Bon, restons quand même un peu méfiants, souvenons-nous qu’il s’agit du même qui considère Astérix et Obélix : Mission Cléopâtre comme une trahison de l’esprit de la bande dessinée, hein
Il faudra attendre de lire l’album complet pour savoir si le changement amènera la même fortune que pour Boule et Bill ou Blake et Mortimer, ou si ça ne fera qu’enfoncer encore un peu plus le personnage…
DRM ou l’art de taper sur le client
On le sait, aujourd’hui, les ayant droit des différents domaines culturels ont déclaré la guerre au piratage (voire à Internet en général), ce qui a mené à des offensives contre plusieurs sites et l’arrivée de plates-formes payantes légales.
Jusque-là, après tout, tout va bien, si tant est que les secondes soient attractives et raisonnables. Le plus gros souci étant la présence régulière de DRM, système anti-piratage qui entrave surtout les utilisateurs par l’impossibilité de télécharger ou utiliser hors connexion les fichiers achetés.

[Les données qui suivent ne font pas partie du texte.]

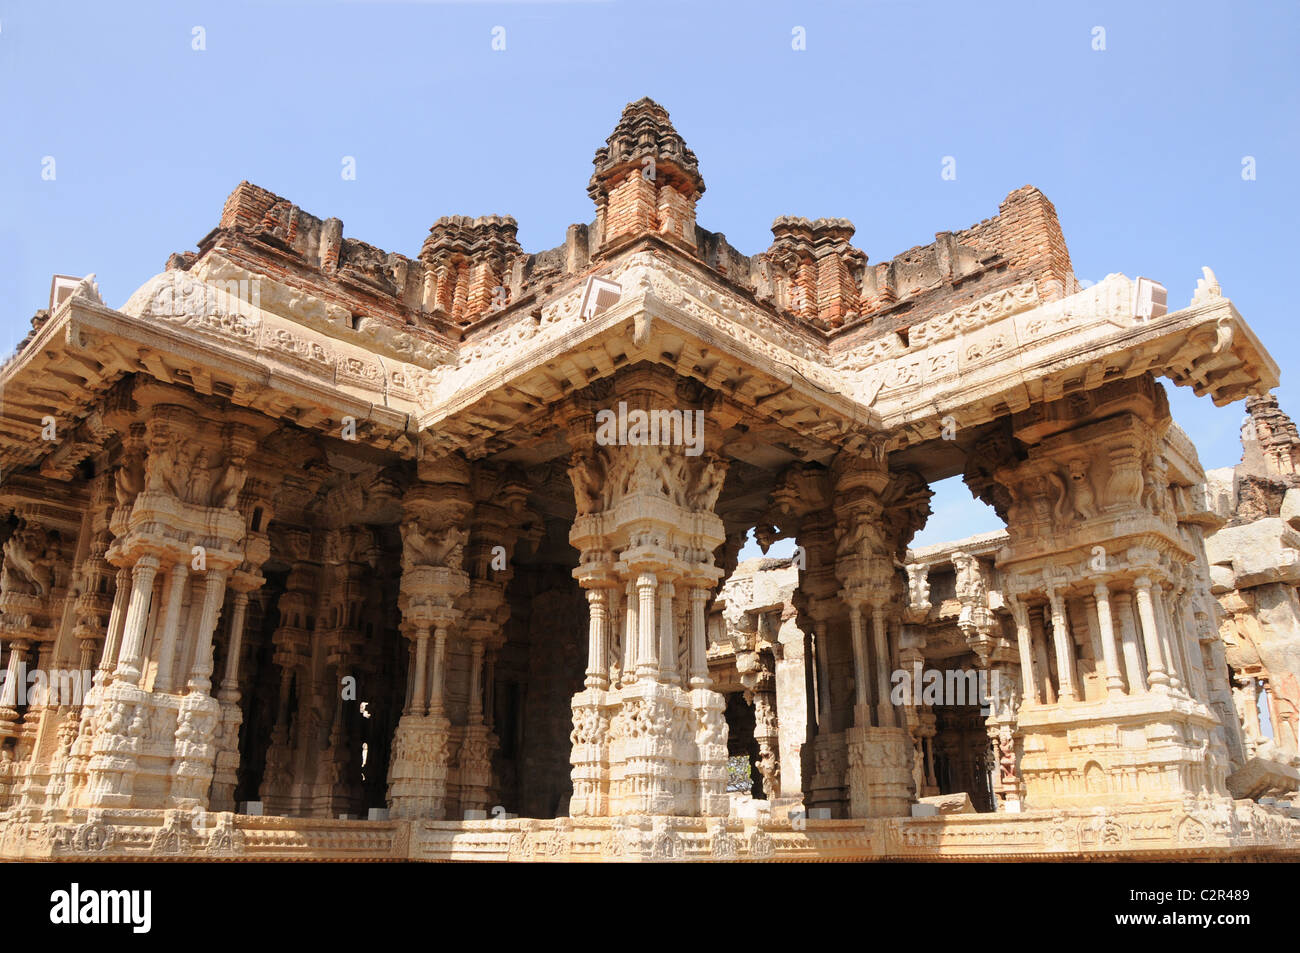 Vittala temple, un monument du patrimoine mondial Banque D'Images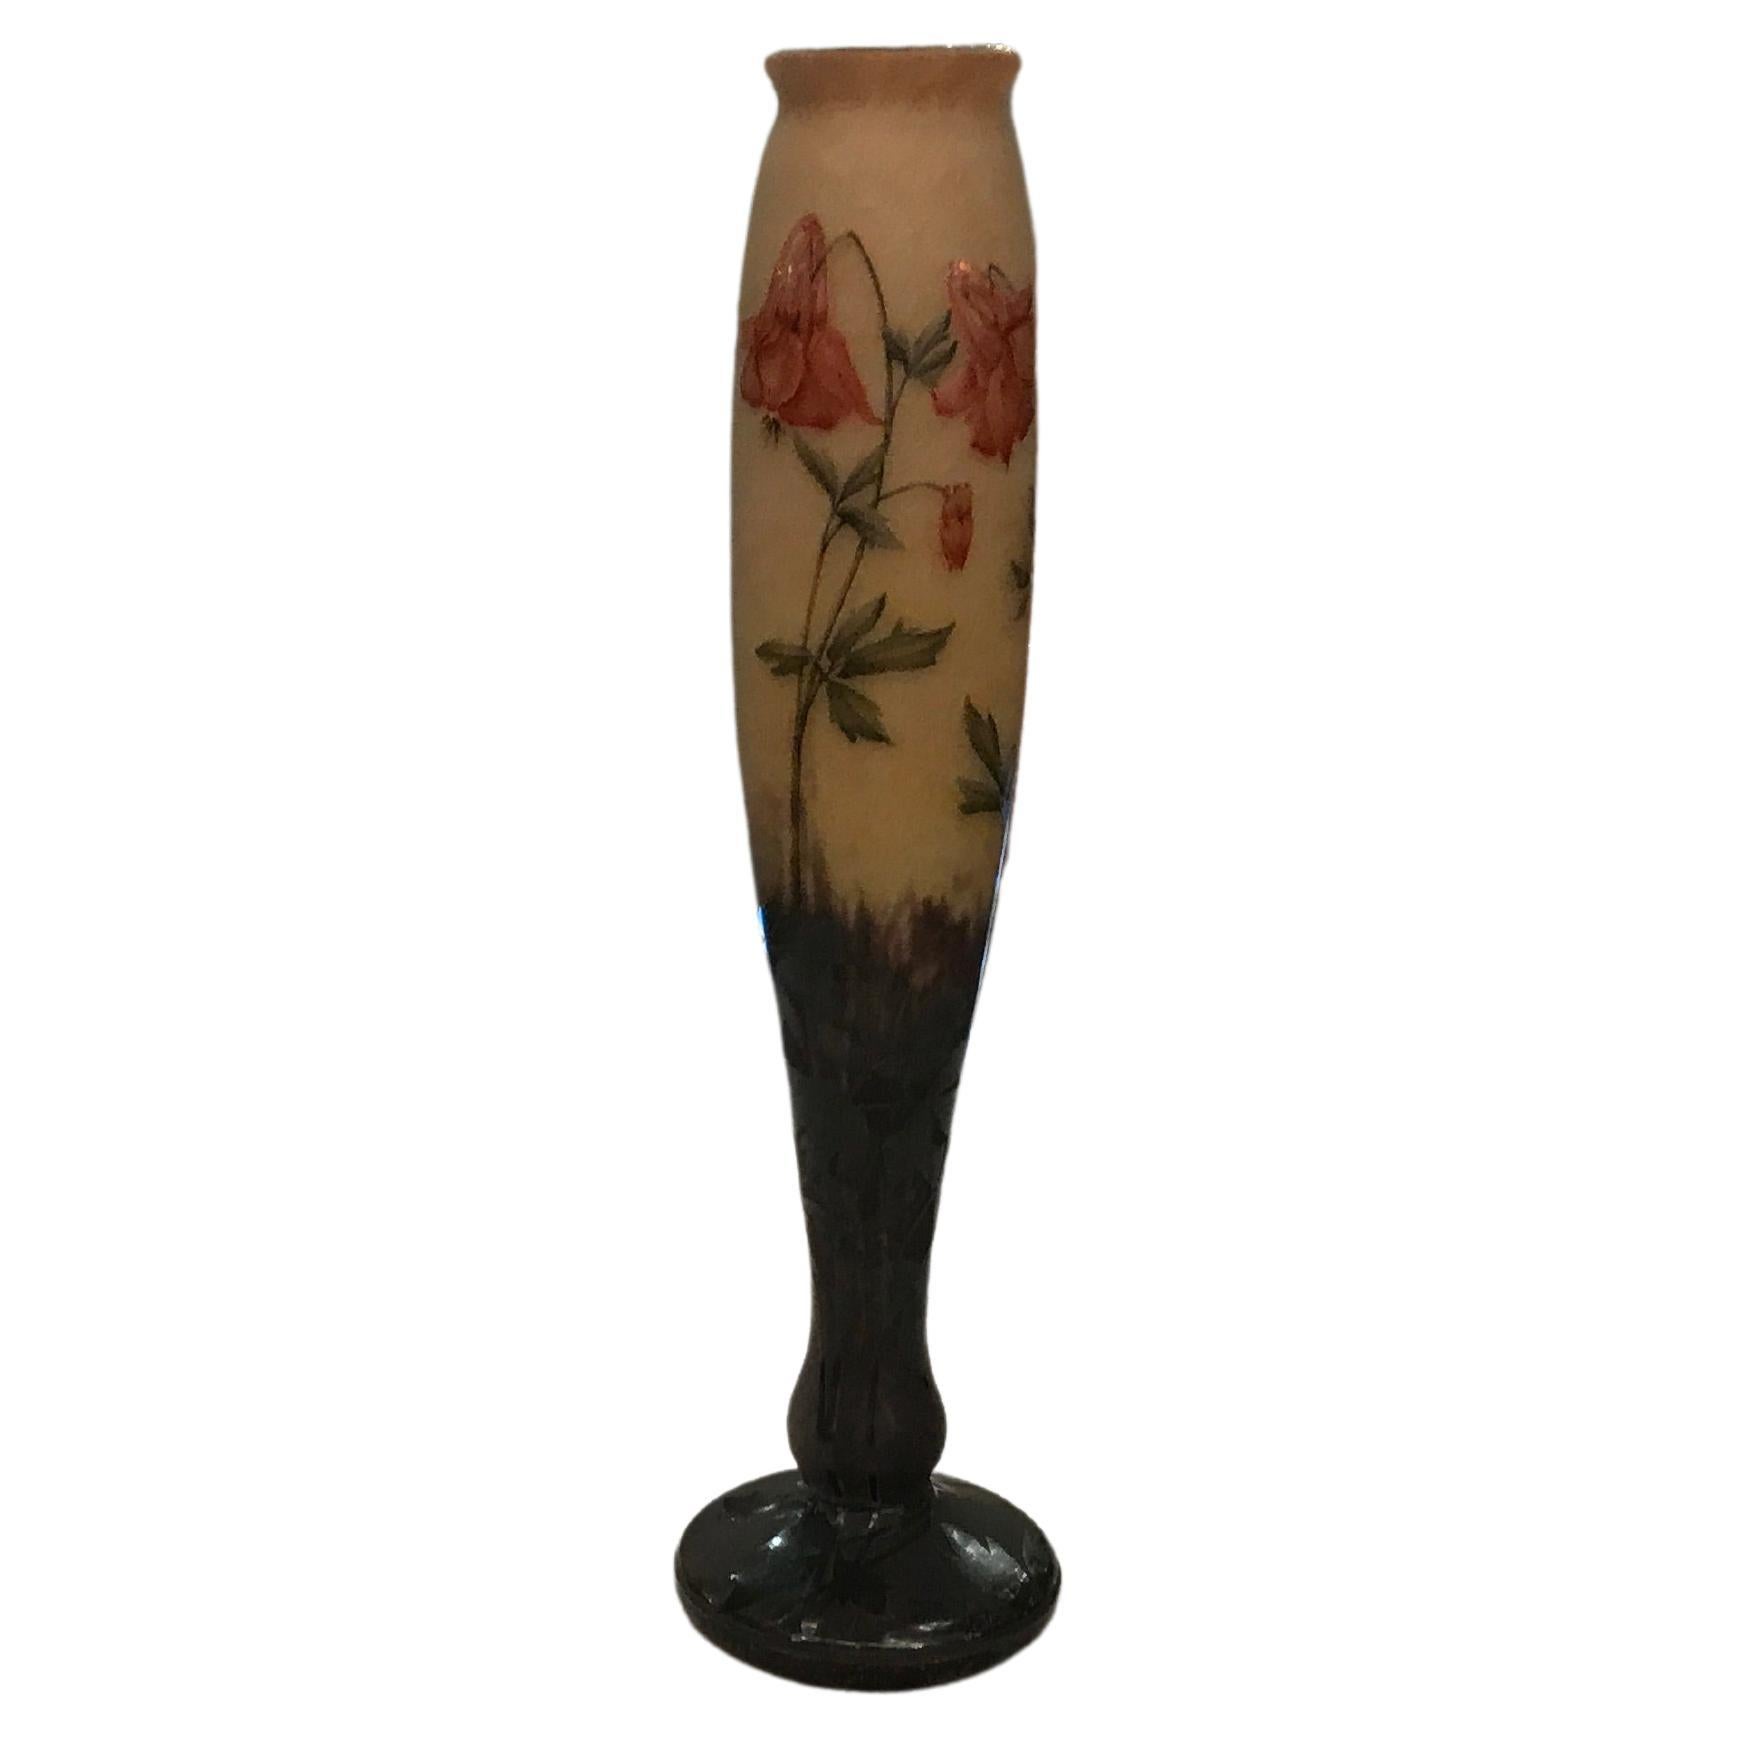 Vase, Sign: Daum Nancy, France, 1903, Style: Jugendstil, Art Nouveau, Liberty

Ceci nous amenant au cas JManga, plate-forme légale anglophone de mangas. Le site propose les volumes rapidement, et offre même plusieurs bonus aux utilisateurs avec, par exemple, des interviews. De quoi se dire que les DRM sont une mince contrepartie à subir face à la qualité du service proposé.
Sauf que tout ça, c’est du passé ! JManga a en effet annoncé sa fermeture. Les crédits pas dépensés peuvent l’être jusqu’au 26 mars, et le service disparaîtra définitivement le 30 mai. Bien triste nouvelle pour les utilisateurs, malgré la possibilité de les voir échangés contre des codes Amazon.
D’autant plus triste que le site n’a donné aucune explication formelle quant à cette décision et que l’arrêt du service, DRM oblige (voir plus haut ce que leur présence implique), entraînera tout simplement l’impossibilité totale d’accéder à tous les contenus que vous aurez pourtant achetés le plus légalement du monde !
Ce qui n’aurait pas été grave si JManga avait décidé de lever la protection pour ne pas léser ses clients là-dessus, comme le prévoit Steam pour le jeu vidéo, par exemple. Mais ce n’est pas le cas. Les DRM vont rester jusqu’au bout, tout le contenu du site va disparaître, et les clients verront l’argent dépensé disparaître avec lui et les fichiers…
JManga restera donc comme un magnifique exemple d’une plate-forme légale qui n’aura absolument pas répondu aux questions sur le piratage et de ce que sont les DRM : la prise en otage des clients, tout simplement, qui sont alors à la merci d’un service susceptible de leur reprendre sans préavis tout ce qu’ils auront pourtant payé…
Comment alors s’étonner que l’on soit tous, à des échelles différentes de « méchants pirates » qui, paraît-il, tuent les industries de la culture et du divertissement ?
Bret Easton Ellis reprend la plume
Bonne nouvelle pour les fans et pour Twitter, moins bonne pour les accros des dérapages. Oui, Bret Easton Ellis, l’auteur de American Psycho, qui n’a rien publié depuis 2009 et ne semblait pas avoir retrouvé l’envie d’écrire, préférant sans doute devenir le plus gros troll de Twitter, a retrouvé envie et inspiration et planche sur un nouveau roman dont il a débuté les recherches et notes la dernière semaine de janvier.
L’auteur nous explique comment l’idée lui est venue, entre une vieille amie de fac et un embouteillage en janvier, dans une tribune sur Medium.
Il en profite ici pour nous livrer sa vision du processus d’écriture et de son évolution, la vision qui a mené à l’idée du roman (et peut-être par là même les premiers mots).
Quelques morceaux choisis et traduits chez BibliObs.
Bref, l’enfant terrible autant de la littérature américaine que du cinéma est de retour à ses activités premières, après des idées de scénario qui n’ont rien donné nulle part. Et ça, ça ne peut que faire plaisir aux amateurs de son style.